___ Supplied entries ___

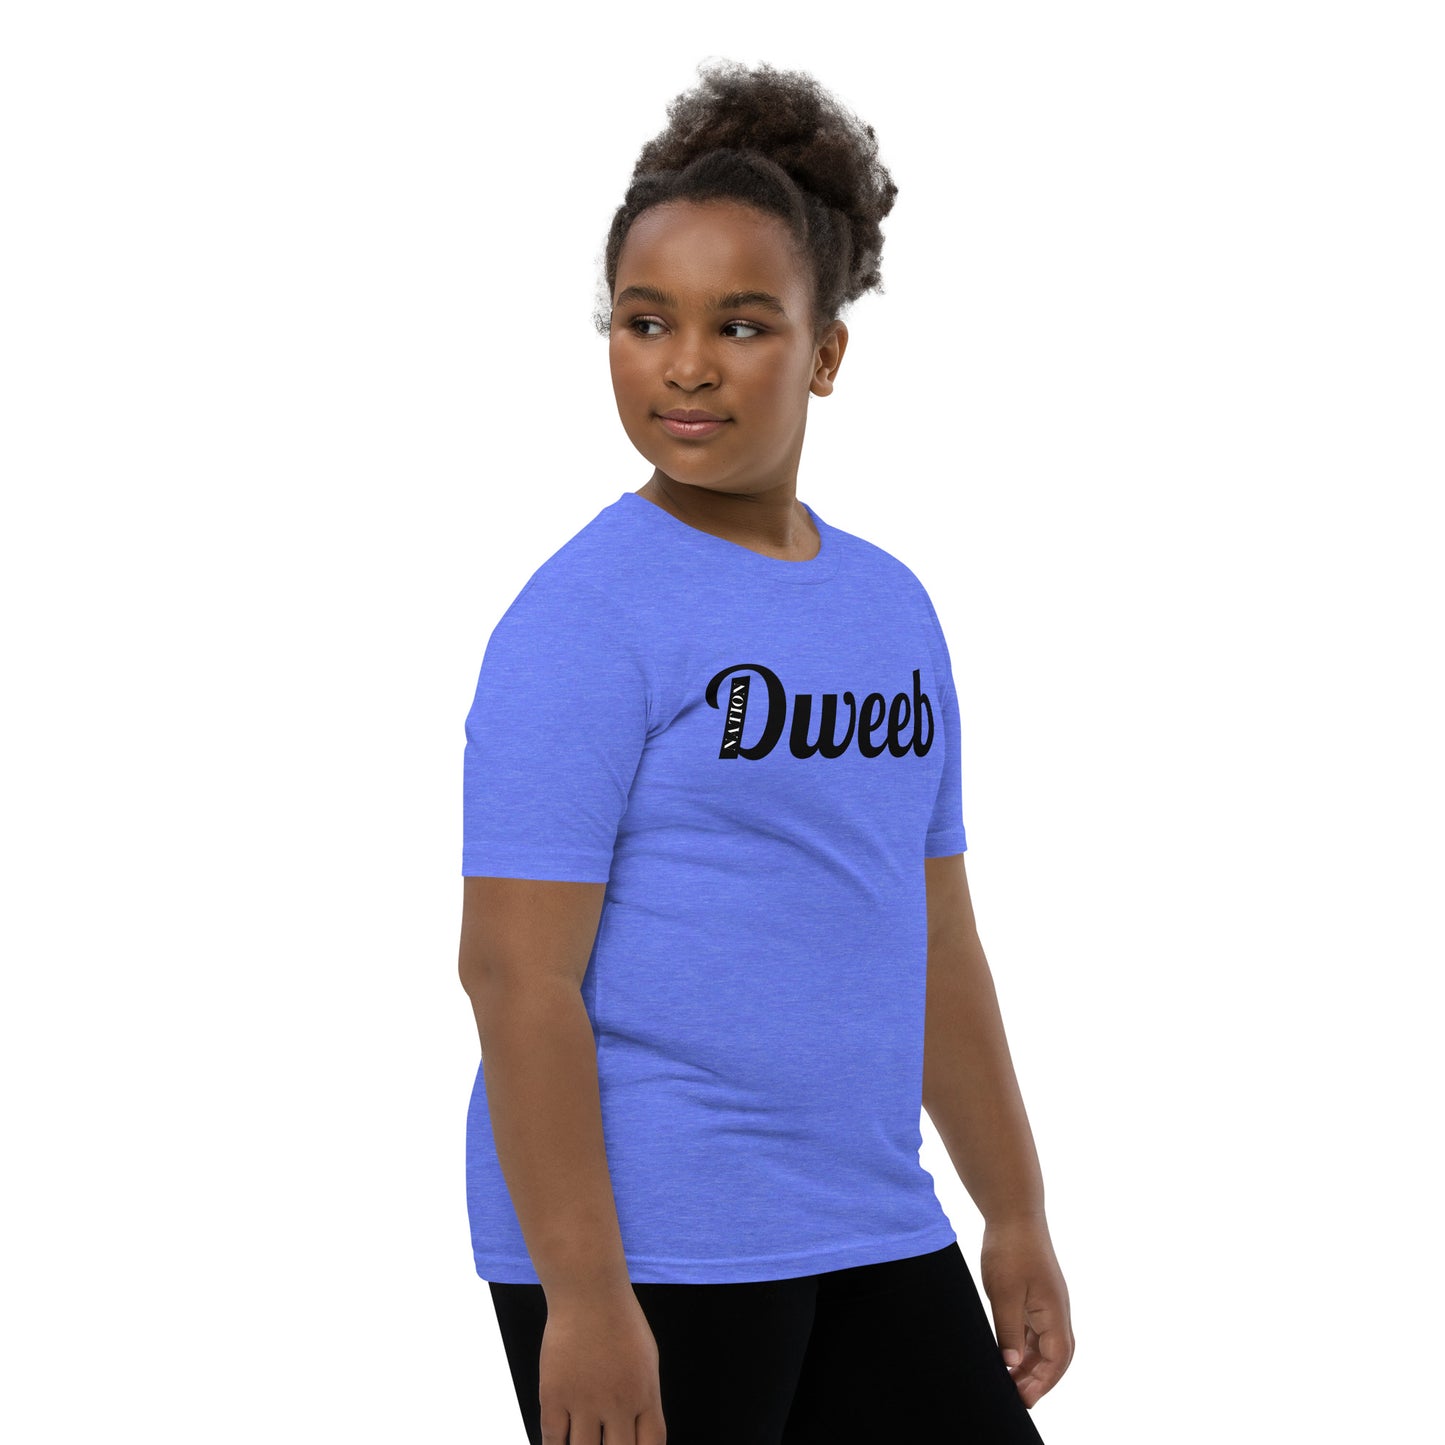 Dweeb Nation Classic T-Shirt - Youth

___
___ Supplied entries ___

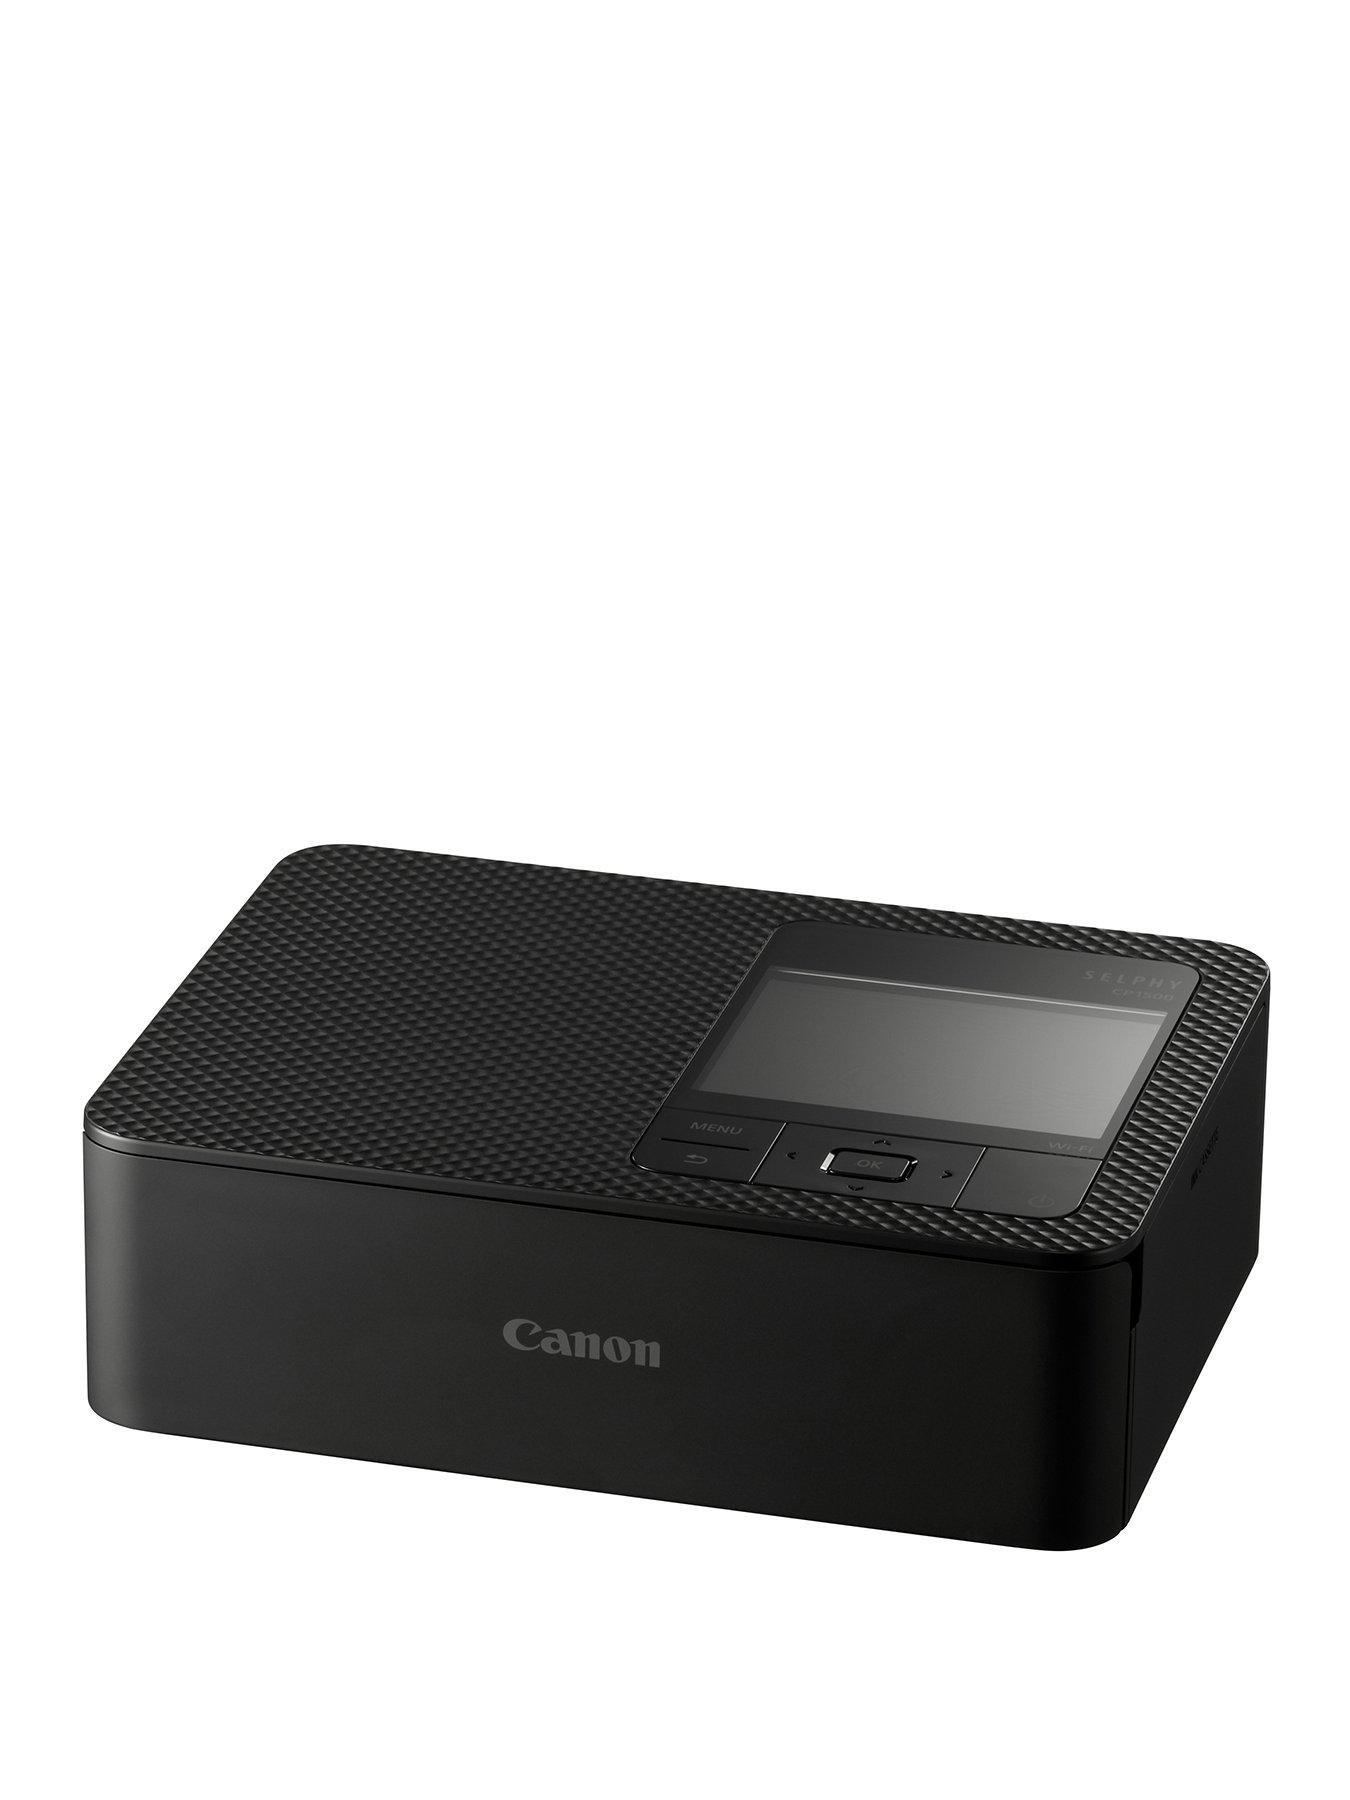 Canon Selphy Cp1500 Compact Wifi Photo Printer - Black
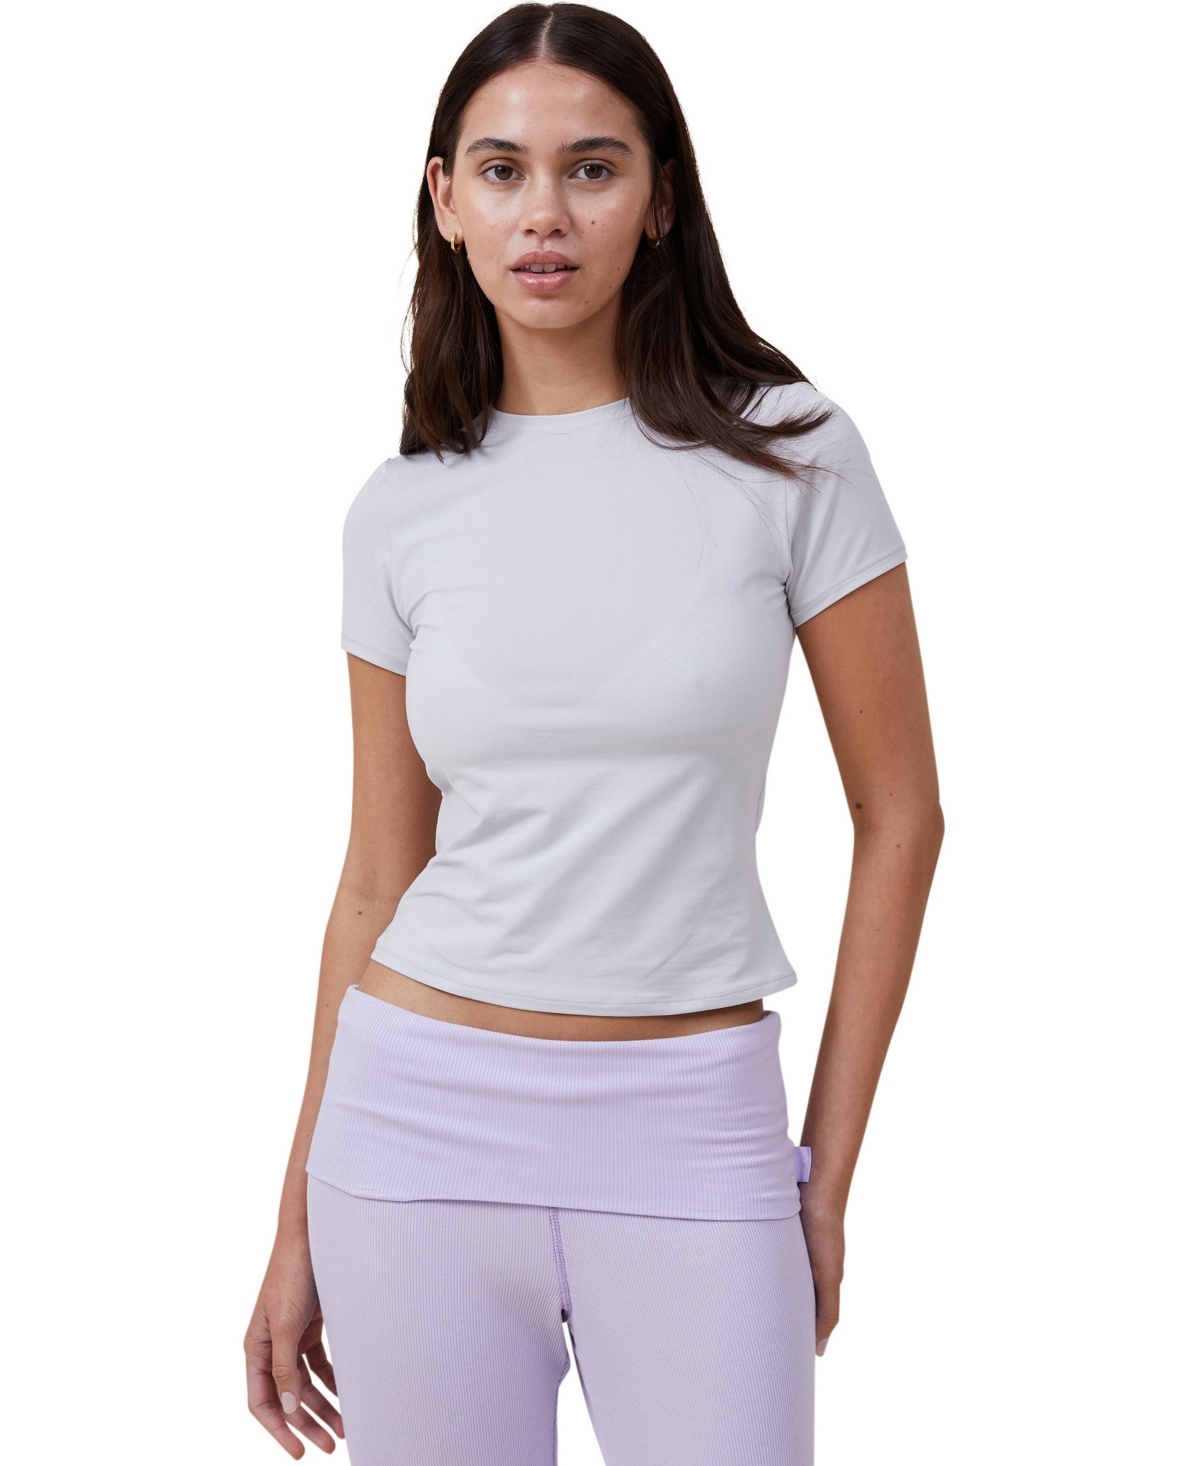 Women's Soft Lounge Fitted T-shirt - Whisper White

___

*Work instruction*. Between and including the line above that contains "Canon Selphy Cp1500" and the line that contains "Women's Soft Lounge", restate every line word for word. Pictures stay out.

*Reply*.
 Canon Selphy Cp1500 Compact Wifi Photo Printer - Black
 Women's Soft Lounge Fitted T-shirt - Whisper White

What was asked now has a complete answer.